As células foram analisadas por citometria de fluxo (método usado para examinar simultaneamente diversos parâmetros de células ou partículas em suspensão) e ensaios funcionais. Foram analisadas as características biológicas das células B, como a produção de citocinas, as vias de sinalização e a capacidade supressora das células B reguladoras. De acordo com Malmegrim, os resultados mostraram que, nos portadores da doença, há uma desregulação das células B. Antes do transplante há mais células B de memória, que produzem os autoanticorpos que atacam os tecidos do paciente; e menos população de células B jovens (chamadas pelos cientistas de naive), que ainda não aprenderam a reconhecer os antígenos (substâncias que desencadeiam a produção de anticorpos).
“Uma população importante de células B são as reguladoras: aquelas responsáveis por colocar um freio nas respostas imunes patogênicas do organismo, que podem levar a danos teciduais.

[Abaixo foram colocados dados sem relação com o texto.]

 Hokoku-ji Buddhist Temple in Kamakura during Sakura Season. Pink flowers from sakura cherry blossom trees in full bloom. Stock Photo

Nos pacientes com esclerose sistêmica, essas células estão diminuídas em número e função. Depois do transplante, o número de células B reguladoras aumenta, bem como sua capacidade supressora. Além disso, após o transplante, o paciente começa a apresentar maior frequência de células B naive e as células B de memória diminuem”, revela Malmegrim.

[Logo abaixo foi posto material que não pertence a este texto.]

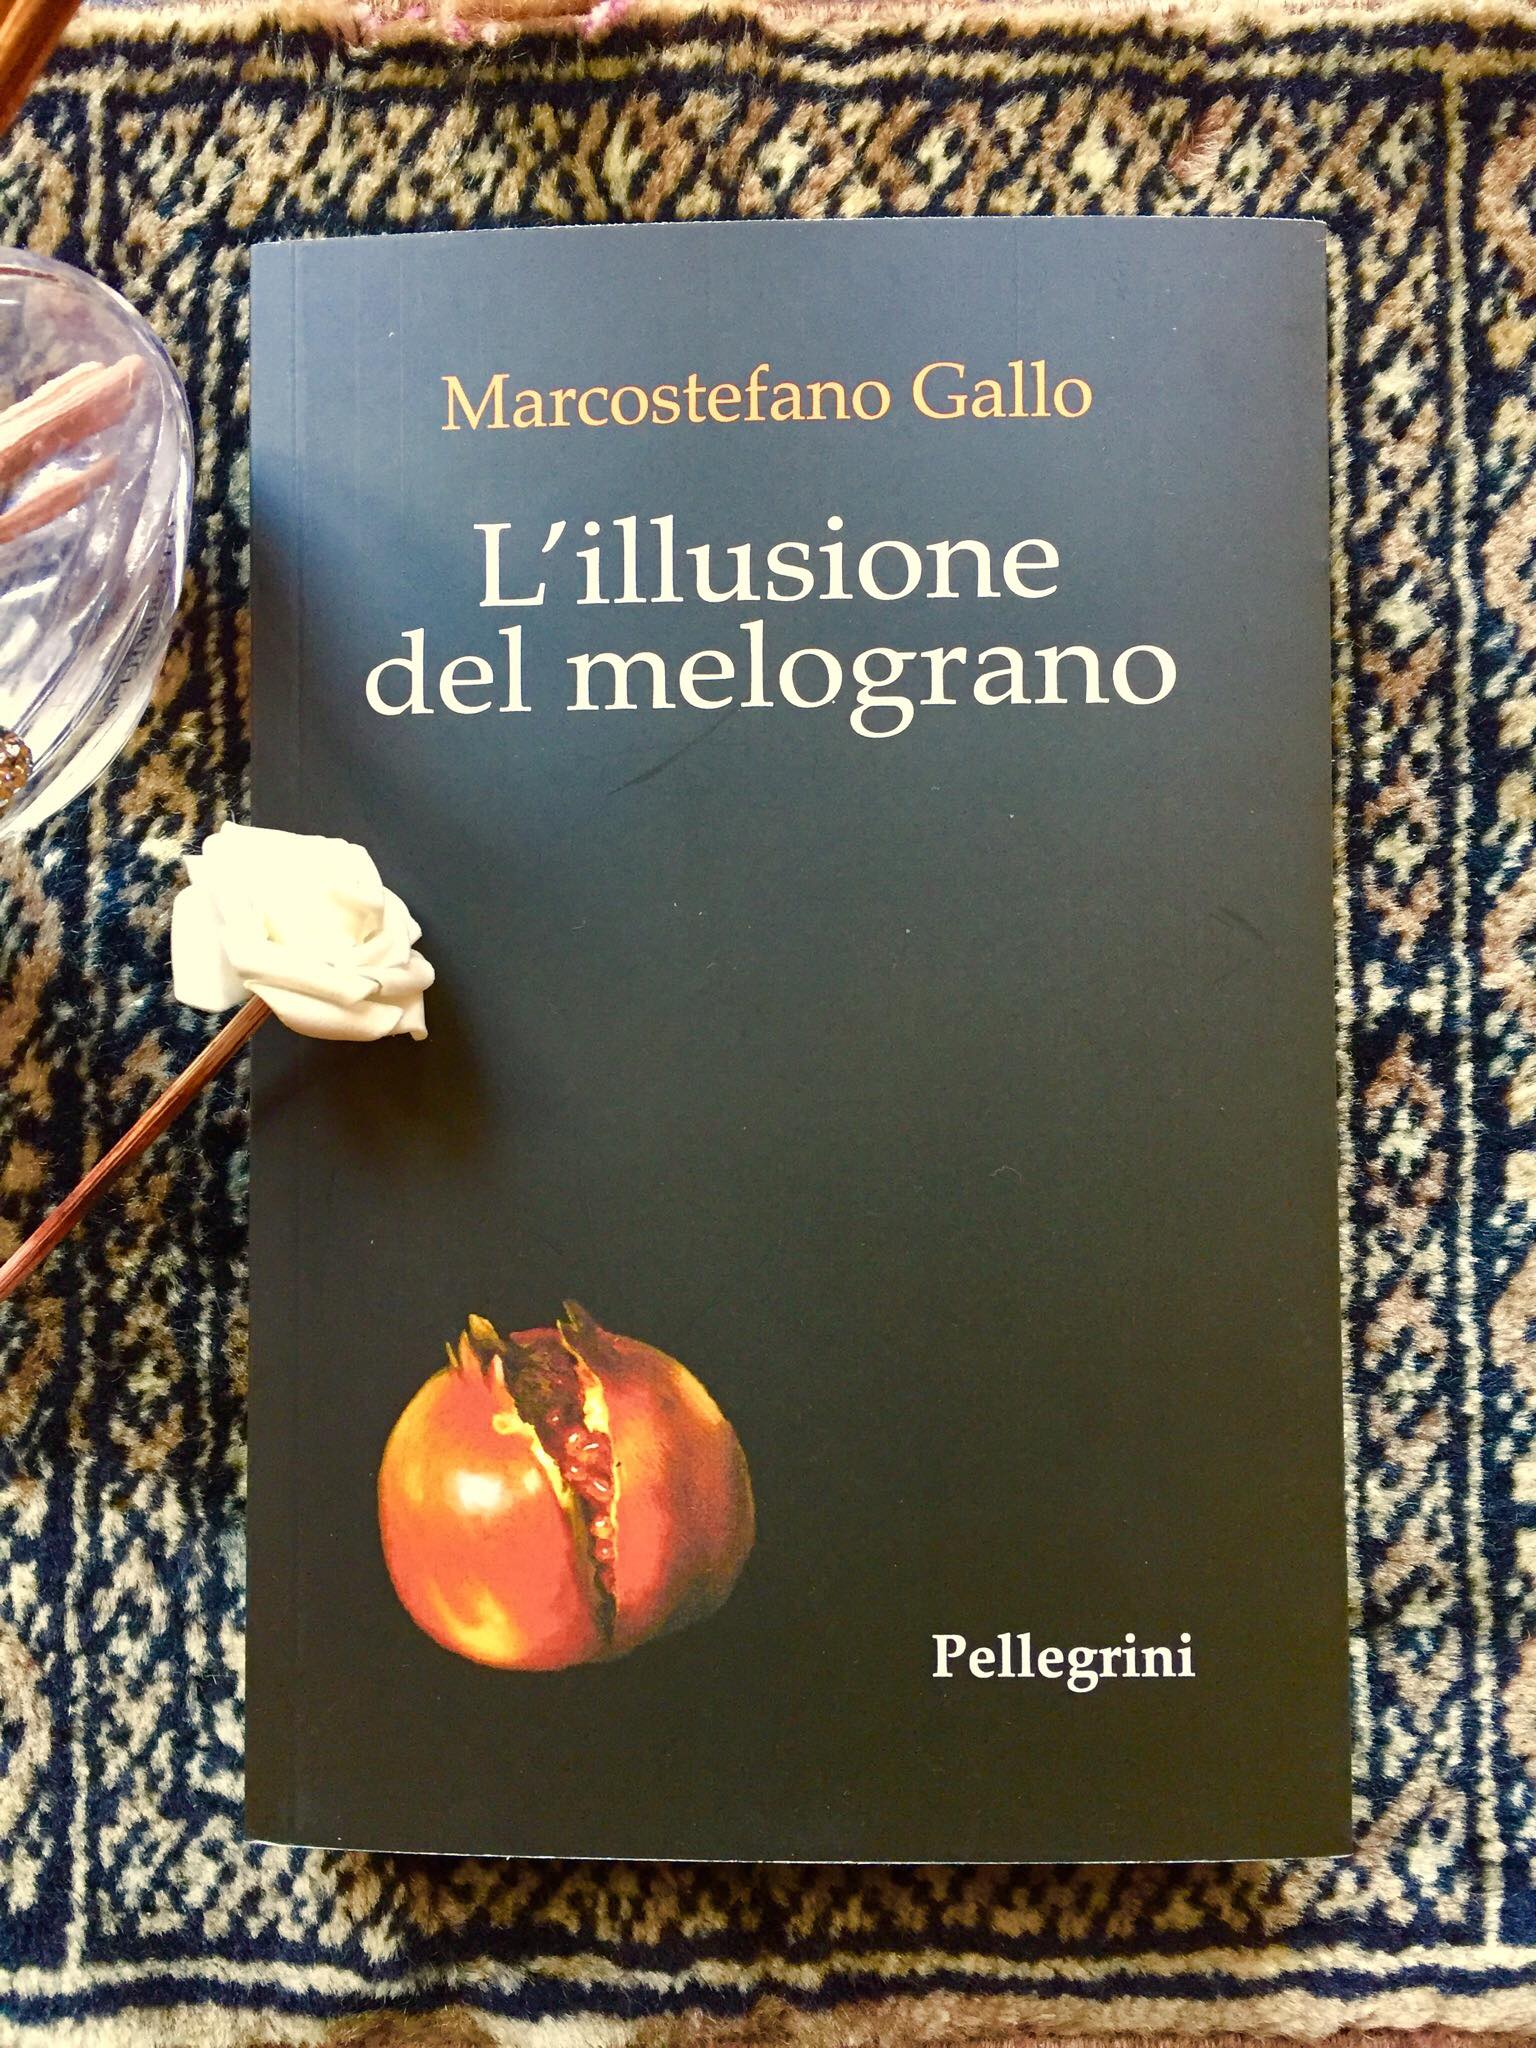 “L’illusione del melograno” – Marcostefano Gallo

A cientista menciona os estudos de correlação feitos posteriormente mostrando que, a esse impacto do transplante sobre as células B, correspondeu uma melhora clínica dos pacientes. E observa: “Só é possível manipular o sistema imunológico do paciente com tal grau de êxito porque, nas doenças autoimunes, não está envolvido apenas o fator genético. Se fosse assim, o transplante autólogo não funcionaria. Há sempre um gatilho: geralmente um fator ambiental que, aliado à predisposição genética, faz com que a doença autoimune seja desencadeada na pessoa. Ainda sabemos pouco sobre os gatilhos dessa e de outras doenças autoimunes.”
Atualmente, o transplante de células-tronco hematopoiéticas para tratamento da esclerose sistêmica não faz parte da lista de procedimentos oferecidos pelo Sistema Único de Saúde (SUS). Também não integra o rol de procedimentos cobertos pelos planos de saúde privados. Oliveira afirma que essa inclusão é uma longa batalha dos profissionais da área.
“Europa e Estados Unidos já têm o transplante como tratamento-padrão, coberto pelos seguros ou planos de saúde. Aqui no Brasil temos batalhado para incorporá-lo ao SUS. Não é um tratamento caro. Na verdade, talvez seja até barato se compararmos ao custo que a rede pública terá para tratar o portador da doença pelo resto da vida com internações, oxigênio etc.”